Vector Processing Internals
Pipeline
The vector pipeline converts knowledge resources into embeddings for
semantic search. Guide's SearchContent tool queries
these embeddings at runtime.
data/resources/*.json ──> TEI (BAAI/bge-small-en-v1.5) ──> data/vectors/index.jsonl
│
services/vector (gRPC)
│
Guide SearchContent
Two separate concerns use TEI:
| Concern | When | Who calls TEI |
|---|---|---|
| Batch indexing | fit-process-vectors |
CLI → embedding service (gRPC) → TEI |
| Query embedding | Runtime search | vector service → embedding service (gRPC) → TEI |
Both go through the embedding service
(SERVICE_EMBEDDING_URL), which proxies to TEI
internally. Authentication is handled by the gRPC framework.

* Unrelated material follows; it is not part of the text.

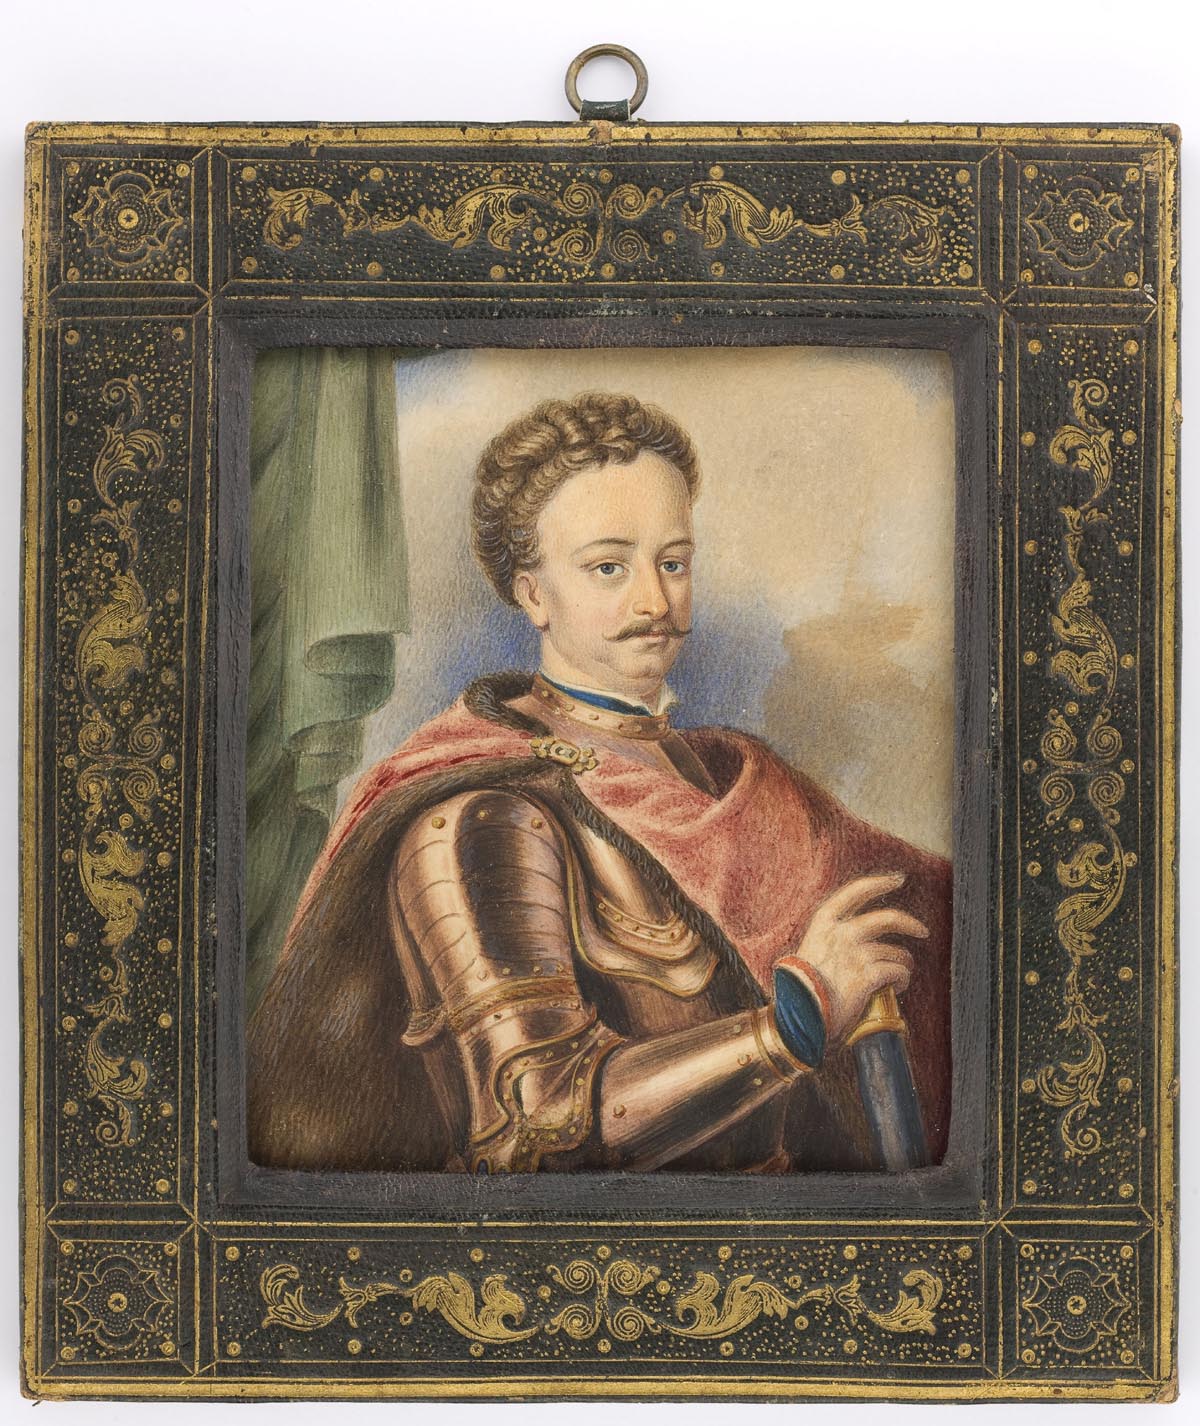 Stanisław Leszczyński (1677-1766) w młodości jako wojewoda poznański, chorąży wielki koronny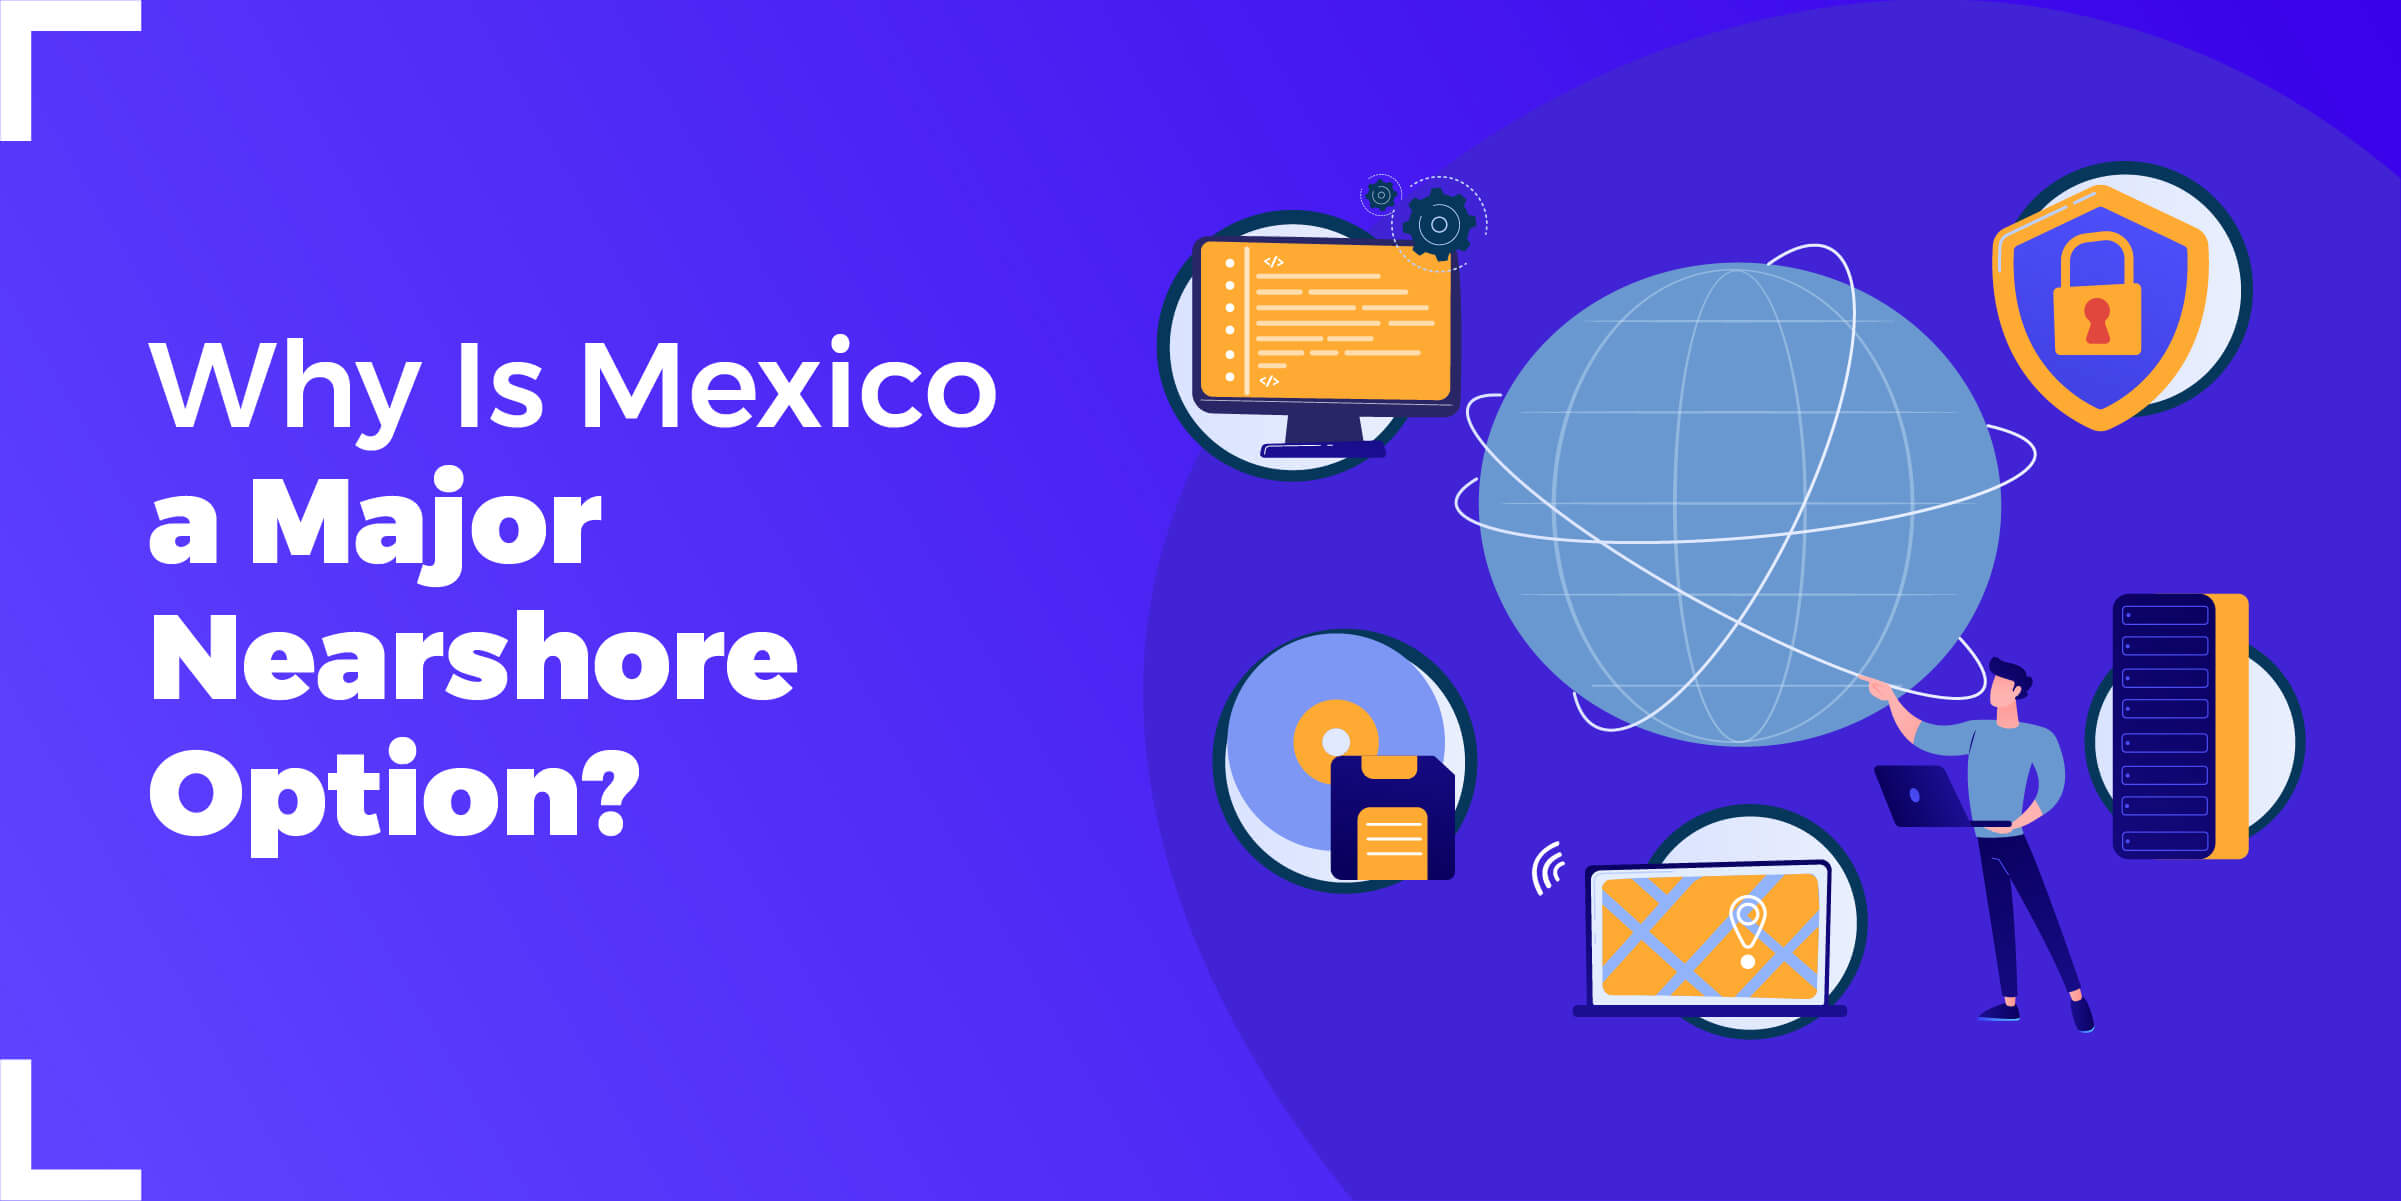 Why Mexico Major Nearshore Option

TEI (Text Embeddings Inference)
TEI is a Rust binary from HuggingFace that serves embedding models over HTTP. It must be running before batch processing or query-time search will work.
Installation
Install once via Cargo:
just tei-install
Or manually:
cargo install --git https://github.com/huggingface/text-embeddings-inference \
--features candle text-embeddings-router
The first startup downloads the
BAAI/bge-small-en-v1.5 model (~130 MB) to
~/.cache/huggingface/.
Running Under fit-rc
The embedding service wraps TEI — it starts a gRPC server and spawns
text-embeddings-router as a managed child process. Add
the service entry to config/config.json under
init.services:
{
"name": "embedding",
"command": "node services/embedding/server.js",
"optional": true
}
Then start it with fit-rc:
just tei-start # or: bunx fit-rc start embedding
bunx fit-rc status embedding # Check status
bunx fit-rc stop embedding # Stop
Because the service is marked optional, fit-rc skips it
with a warning if text-embeddings-router is not
installed.
The gRPC server listens on
SERVICE_EMBEDDING_URL (default
grpc://localhost:3015). TEI runs on an internal backend
port (default 8090, configurable via
SERVICE_EMBEDDING_BACKEND_PORT).
Docker
docker-compose.yml defines a tei container
using the HuggingFace CPU image. It listens on port 8080 inside the
Docker network (tei.local:8080), accessible only to
other containers. This is intended for containerized deployments,
not local development.
Health Check
curl http://localhost:8090/health
Returns 200 when TEI is ready to serve requests.
Batch Processing
Resources must exist before vectors can be generated. The full processing chain is:
just process # export-standard → process-resources → process-graphs → process-vectors
To process only vectors (when resources already exist):
just process-vectors
# or directly:
bunx fit-process-vectors
Without TEI, use just process-fast to skip the vector
step.
Processing Steps
-
Load all resource identifiers from
data/resources/. -
Filter out conversations (
common.Conversation.*) and tool functions (tool.ToolFunction.*). - Skip resources already present in the vector index (incremental).
-
Batch remaining resources and POST to TEI
/v1/embeddings. -
Write each embedding to
data/vectors/index.jsonl.
Index Format
Each line in data/vectors/index.jsonl is a
self-contained JSON record:
{
"id": "common.Message.a4663ad1",
"identifier": {
"type": "common.Message",
"name": "a4663ad1",
"parent": "",
"subjects": ["https://example.com/id/person/alice"],
"tokens": 120
},
"vector": [-0.048, -0.039, ...]
}
- Dimensions: 384 (bge-small-en-v1.5)
- Normalization: Pre-normalized, so cosine similarity reduces to dot product
-
Search:
VectorIndex.queryItems()computes dot products with SIMD-style loop unrolling, filters by prefix and token budget, returns ranked identifiers
Components
| Component | Location | Role |
|---|---|---|
VectorProcessor |
libraries/libvector/src/processor/ |
Batch embedding pipeline (extends ProcessorBase)
|
VectorIndex |
libraries/libvector/src/index/ |
JSONL-backed index with dot-product search |
fit-process-vectors |
libraries/libvector/bin/ |
CLI for batch processing |
fit-search |
libraries/libvector/bin/ |
CLI for ad-hoc similarity search |
| vector service | services/vector/ |
gRPC service that loads the index and serves queries |
Troubleshooting
TEI not reachable — Check
curl http://localhost:8090/health. Verify the embedding
service is running (bunx fit-rc status embedding).
No resources to process — Run
just process-resources first. The vector processor
reads from data/resources/.
Empty vector index — Resources with empty or null
content are skipped. Verify data/resources/ contains
files with non-empty content fields.
Model download stalls — The first TEI startup
downloads the model from HuggingFace. Check network access and
~/.cache/huggingface/ for partial downloads.